-
Notifications
You must be signed in to change notification settings - Fork 3k
Description
Describe the bug
When calling scheduler:sample/0 from a spawned process, time values for the normal schedulers will only be reported starting from the moment the child process was started. This makes values reported from different processes inconsistent with each other. When passing samples from different child processes to scheduler:utilization, the resulting utilization values will be meaningless.
However, this behaviour only happens if the parent process has not itself called scheduler:sample/0 before -- after the parent process calls scheduler:sample/0, the values reported from the child processes will be consistent with each other.
[Note: I'm describing this in terms of scheduler:sample/0, but the same issue can be observed by calling erlang:statistics(scheduler_wall_time) directly]
To Reproduce
To simplify the resulting output, we'll call element(4, hd(element(2, scheduler:sample()))), obtaining the total time utilization of the first normal scheduler.
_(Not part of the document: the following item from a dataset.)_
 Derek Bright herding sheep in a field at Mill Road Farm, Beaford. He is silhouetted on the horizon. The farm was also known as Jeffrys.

Note that the behaviour can be observed for the total and active time values of all schedulers.
From an ERL shell, without any previous calls to scheduler:sample():
spawn(fun() -> erlang:display(element(4, hd(element(2, scheduler:sample())))) end).
timer:sleep(1000).
spawn(fun() -> erlang:display(element(4, hd(element(2, scheduler:sample())))) end).
Expected behavior
The time values returned by these two functions should be at least 1000000 microseconds apart, so that calculating the utilization from them returns meaningful values.
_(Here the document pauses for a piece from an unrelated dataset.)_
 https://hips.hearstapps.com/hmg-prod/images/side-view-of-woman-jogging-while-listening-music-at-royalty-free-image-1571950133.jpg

Alternatively, if the value is meant to have a per-process scope, then it should be documented as such, and then the values of parent processes should not leak to child processes. Note that the following does correctly return values from the spawned processes that are at least 1000000 microseconds apart:
scheduler:sample().
spawn(fun() -> erlang:display(element(4, hd(element(2, scheduler:sample())))) end).
timer:sleep(1000).
spawn(fun() -> erlang:display(element(4, hd(element(2, scheduler:sample())))) end).
That is, the moment you call scheduler:sample/0 on the parent process, values obtained by calling it from its child processes have time values that are consistent with the parent process. My hunch is that calling scheduler:sample/0 from the parent process initialises some scheduler time counters that get passed to the child process.
EDIT: it seems that calling erlang:system_flag(scheduler_wall_time, true) from the parent process has the same effect. Calling scheduler:sample() implicitly sets that flag, but when it is called in a child process, the flag is not propagated to the parent.
Affected versions
Tested on OTP 24. Older versions may be affected as well.
Additional context
I've found this issue when fetching samples from independent Elixir.Task processes and calculating the utilization.